Na pesquisa que teve início em 2007, investigamos as competências cognitivas desenvolvidas nas vinculações dos jovens com mídias digitais e produtos culturais (games, televisão, cinema, livros, quadrinhos, aplicativos). Nessas pesquisas, além de produzir discussões teóricas que embasaram os conceitos de competências, letramentos e cognição, realizou-se uma investigação empírica que consistiu em uma análise de produtos culturais (seriados de TV e videogames) produzidos ao longo de três décadas (entre 1980 e 2010). Concluiu-se que para se engajar na cultura digital, os jovens precisavam aprender ou aprimorar um largo espectro de competências: linguísticas e interpretativas; lógicas e matemáticas; afetivas e sociais; criativas; perceptivas, táteis, proprioceptivas e outras habilidades motoras e sensoriais. Classificamos essas competências em cinco categorias interdependentes: textuais, lógicas, sensoriais, sociais e criativas (REGIS, 2008). Essas pesquisas evidenciaram que os letramentos envolvidos nas práticas de comunicação digital não se reduzem ao conceito clássico de cognição como processo meramente analítico e intelectual, uma vez que envolvem habilidades associadas a experiências concretas como as afetivas, sociais, corporais (perceptivas, proprioceptivas) e culturais/contextuais.

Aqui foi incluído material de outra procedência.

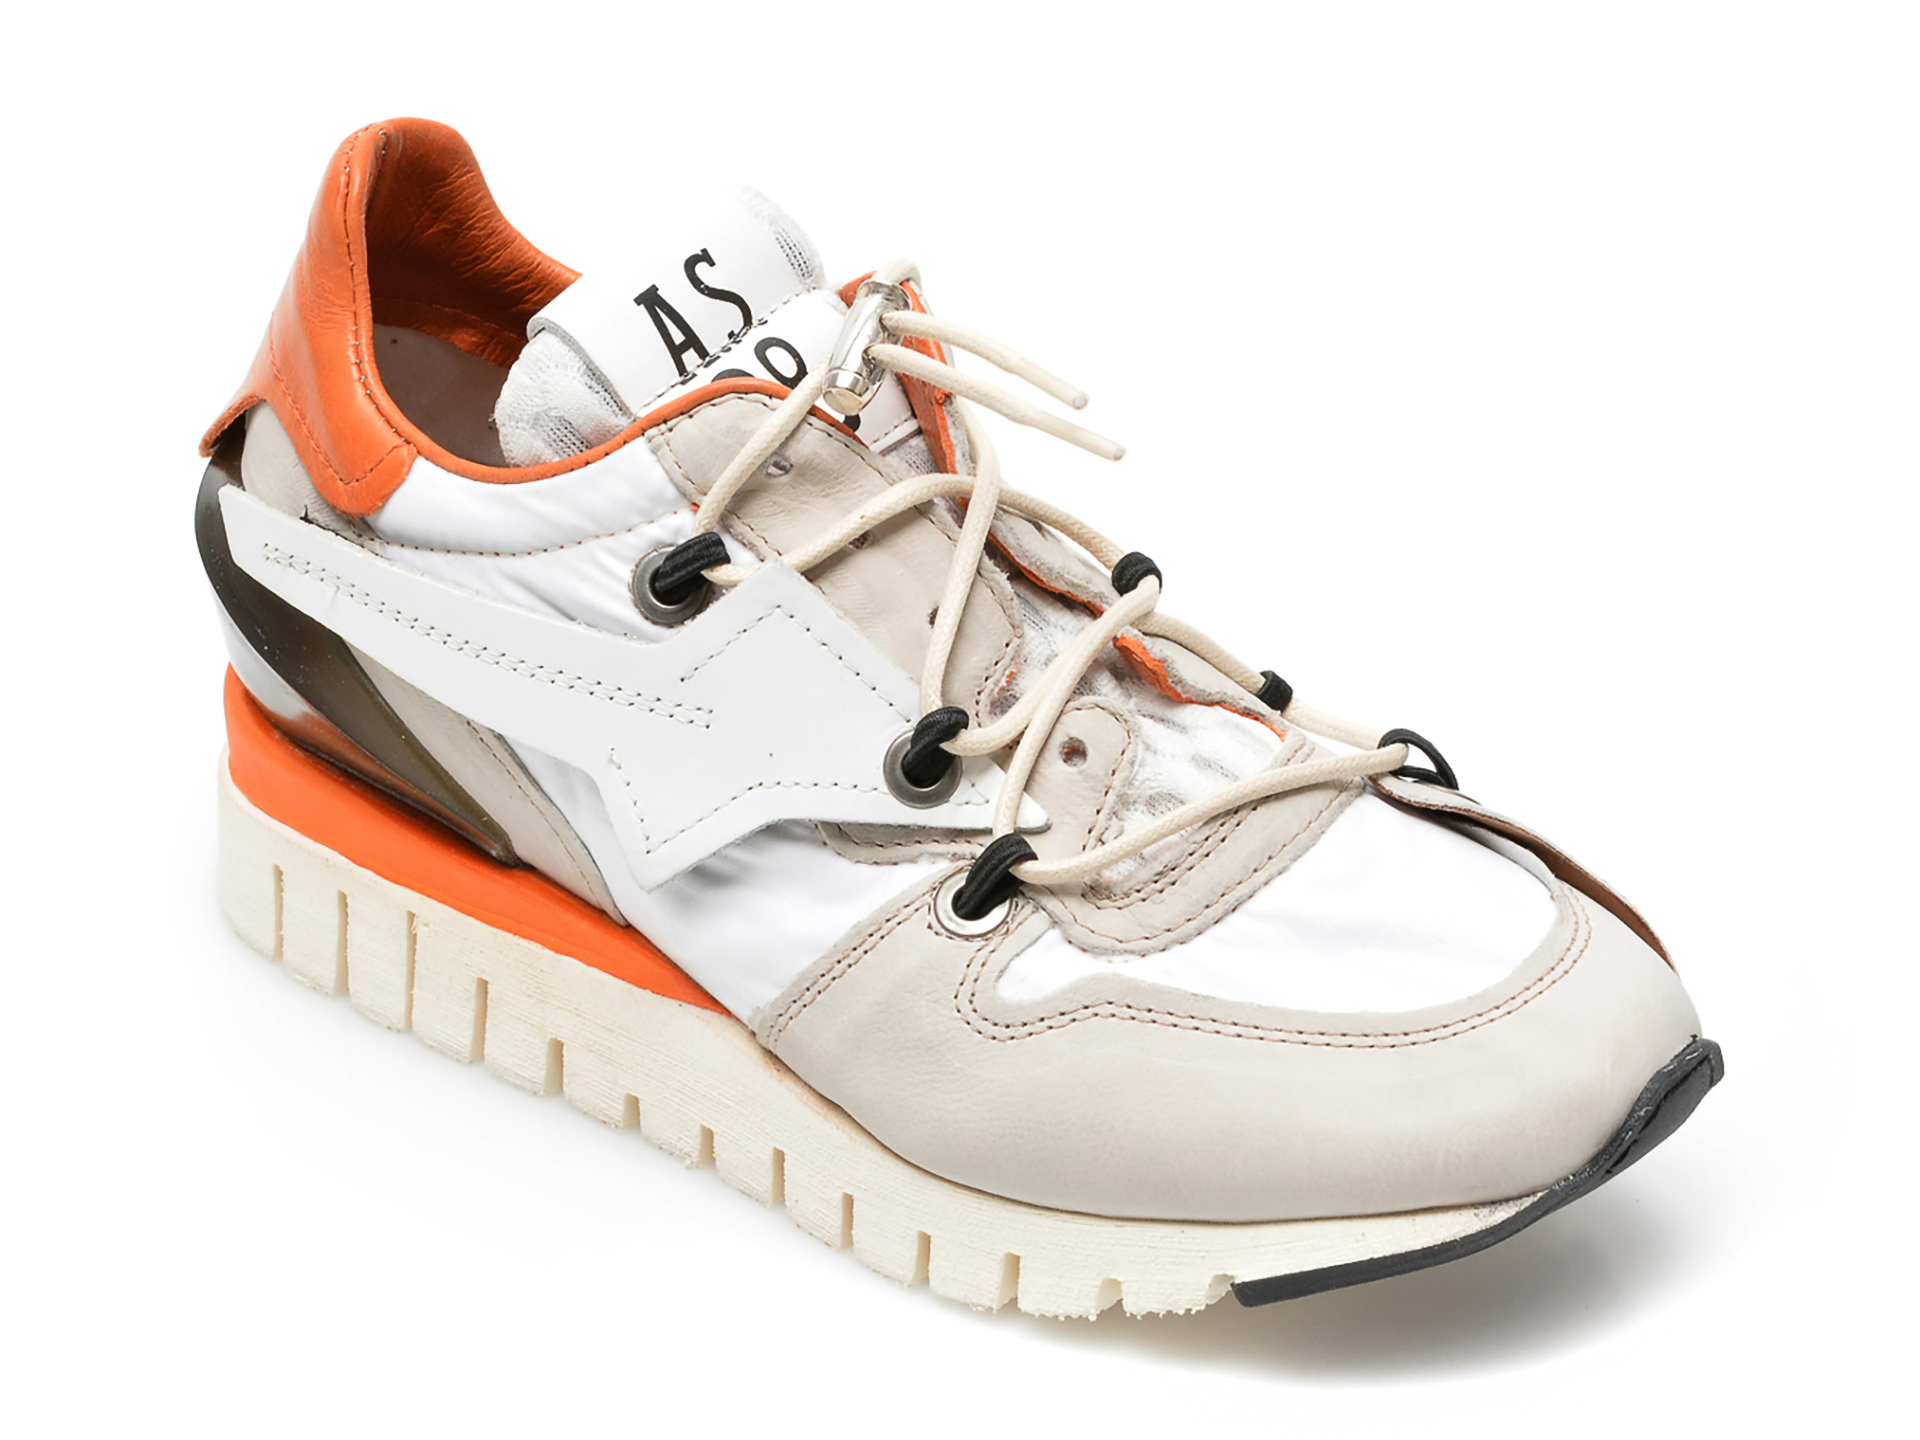 Pantofi sport A.S. 98 albi, A13101, din piele naturala 2022 ❤️ Pret Super tezyo.ro imagine noua 2022

Como desdobramento dos resultados dessas pesquisas iniciais, a investigação subsequente (Projeto: Tecnologias de Comunicação e Competências Cognitivas na Cultura Contemporânea – PQ2/CNPq 2017-2020) se dedicou a analisar se “as habilidades cognitivas estimuladas pelas Tecnologias da Informação e da Comunicação (TIC) no âmbito da cultura das mídias e do entretenimento poderiam ser apropriadas para o desenvolvimento cognitivo em outras áreas, como ensino-aprendizagem formal”. Para isso, desenvolvemos uma pesquisa empírica fundamentada em pesquisa-intervenção e realizada por meio de oficinas junto a estudantes e professores de escolas da rede pública de ensino Fundamental II (6º ao 9º ano, jovens entre 11 e 15 anos). O objetivo das oficinas é introduzir as técnicas atrativas da comunicação multimodal (textos, imagens, sons, músicas, vídeos) como estratégias para despertar o interesse do aluno no processo de construção do seu aprendizado, facilitando a assimilação de conteúdos e o desenvolvimento das competências almejadas pelo ensino formal. Para a realização das oficinas, os primeiros passos são os seguintes: entramos em contato com a coordenação pedagógica das escolas, em seguida, aprovamos a pesquisa na Plataforma Brasil e, depois, definimos quais professores/disciplinas estão interessados em participar da pesquisa. A partir dessas definições, adotamos os seguintes procedimentos metodológicos (sempre baseados em metodologias ativas): a partir do conteúdo de um bimestre de uma disciplina do currículo oficial, nossa equipe desenvolve junto com o professor da disciplina e seus alunos um produto de comunicação escolhido por eles (revistas, blogs, vídeos, histórias em quadrinhos, booktraillers, digital storytelling, Role Playing Game – RPG, Alternate Reality Games – ARG, jogos de tabuleiros e outros). O produto escolhido terá como conteúdo o próprio conteúdo escolar da disciplina. A criação desses produtos permite ao aluno elaborar e reinterpretar os conteúdos escolares. O uso dos múltiplos recursos da comunicação multimodal (textuais, visuais, sonoros e táteis) sensibiliza diversos sentidos, potencializando a assimilação dos conteúdos pelos estudantes. Os alunos da graduação e da pós-graduação da Faculdade de Comunicação Social da Uerj participam das oficinas auxiliando no desenvolvimento dos produtos de comunicação e realizando observação participante e diários de campo durante as oficinas.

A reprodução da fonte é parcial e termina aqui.